VA: The insight came from our partnership with Wellhub (formerly Gympass). We were the first health insurer to offer gym access as a core benefit.

Everyone knows exercise makes you healthier, but no one had proven the ROI for insurance. We now have real data: for every dollar we spend on gym access, we save $5 in medical claims.

The key is we have actual usage data—every time you check into the gym—cross-referenced with every medical expense we pay. Traditional insurers rely on surveys where people lie about their exercise habits. We have ground truth.

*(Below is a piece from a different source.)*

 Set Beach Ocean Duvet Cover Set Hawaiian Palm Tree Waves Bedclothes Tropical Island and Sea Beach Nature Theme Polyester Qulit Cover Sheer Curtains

Plus, it's a retention tool. If you're switching to a competitor that doesn't offer CrossFit, you'll think twice.

PRICING RISK, NOT EXCLUDING PEOPLE

OM: Your loss ratios improving over time suggests you're getting better at picking who to insure. How do you think about risk selection without it becoming discriminatory?

VA: It's about pricing risk correctly, not excluding people. We use all available data—not just health history, but behavioral patterns, engagement with preventive care, exercise habits.

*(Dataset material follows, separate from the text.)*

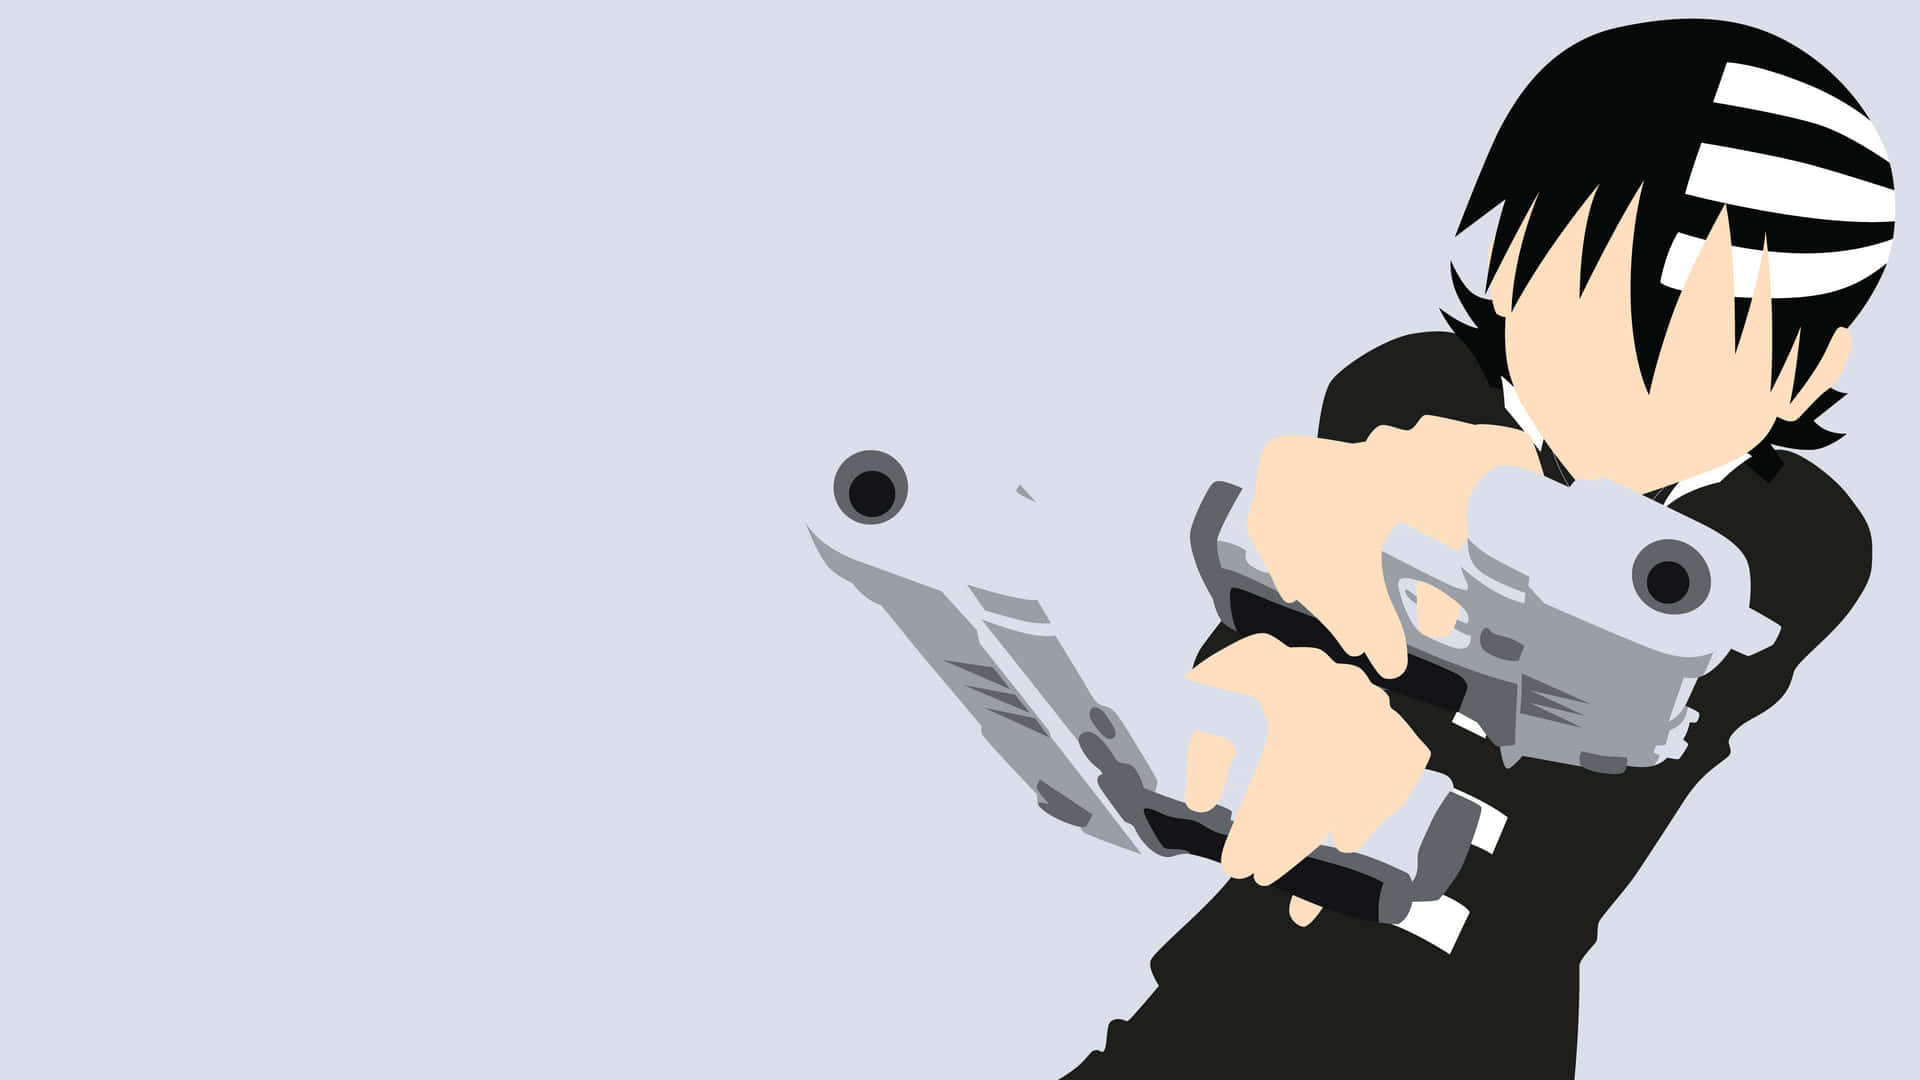 The highly creative and action-packed Soul Eater manga series! Wallpaper

But here's what's interesting: the healthy people who exercise stay with us longer because competitors don't offer the same benefits. So we're not cherry-picking—we're creating an environment that attracts and retains people who care about their health.

THE PARTNER MATTERS MORE THAN THE FUND

OM: You've raised substantial rounds from top-tier VCs, but you've said the partner on your board matters more than the fund brand. Why?

VA: Because 90% of your fund experience comes from the one person sitting on your board. Funds are small teams—5 to 25 people. You interact with one partner most of the time.

I've seen entrepreneurs have completely different experiences with the same fund based on which partner they work with. The partner's personal motivation matters: Do they have family in healthcare? Did they work in the industry before becoming a VC? Are you just another portfolio company, or do they have real conviction?

Brand helps with future fundraising, but day-to-day, it's about the individual relationship.

TRANSFORMING HEALTHCARE FROM "NECESSARY EVIL" TO LOVE

OM: Looking ahead, what gets you most excited about where healthcare is heading in Brazil?

VA: We're proving things that were just theory before. People who exercise cost less to insure. AI can predict and prevent fraud. You can deliver higher quality care at lower cost if you align incentives correctly.

But the bigger opportunity is cultural. We're transforming how Brazilians think about health insurance—from a "necessary evil" to something they actually love. One customer told me he wants to "tattoo Sami" because our nurse caught his COVID before he realized he was sick and probably saved his life.

When you participate in the most important moments of someone's life—birth, illness, death—and you do it well, you create relationships that transcend transactions.

WHAT LATAM FOUNDERS GET RIGHT ABOUT HEALTHCARE

→ Start with distribution, not product. The best healthcare solution means nothing if you can't sell it. Master the go-to-market before you perfect the algorithm.

→ Data creates defensibility. Real-world usage data—exercise habits, medical expenses, behavioral patterns—beats survey responses every time. Build systems that capture ground truth.

→ Regional can beat national. Controlling cost and quality is easier with concentrated networks. Going too wide too fast kills margins.

→ AI works best in operational workflows. Don't chase AI-native business models. Use AI to automate underwriting, fraud detection, and administrative tasks that directly impact unit economics.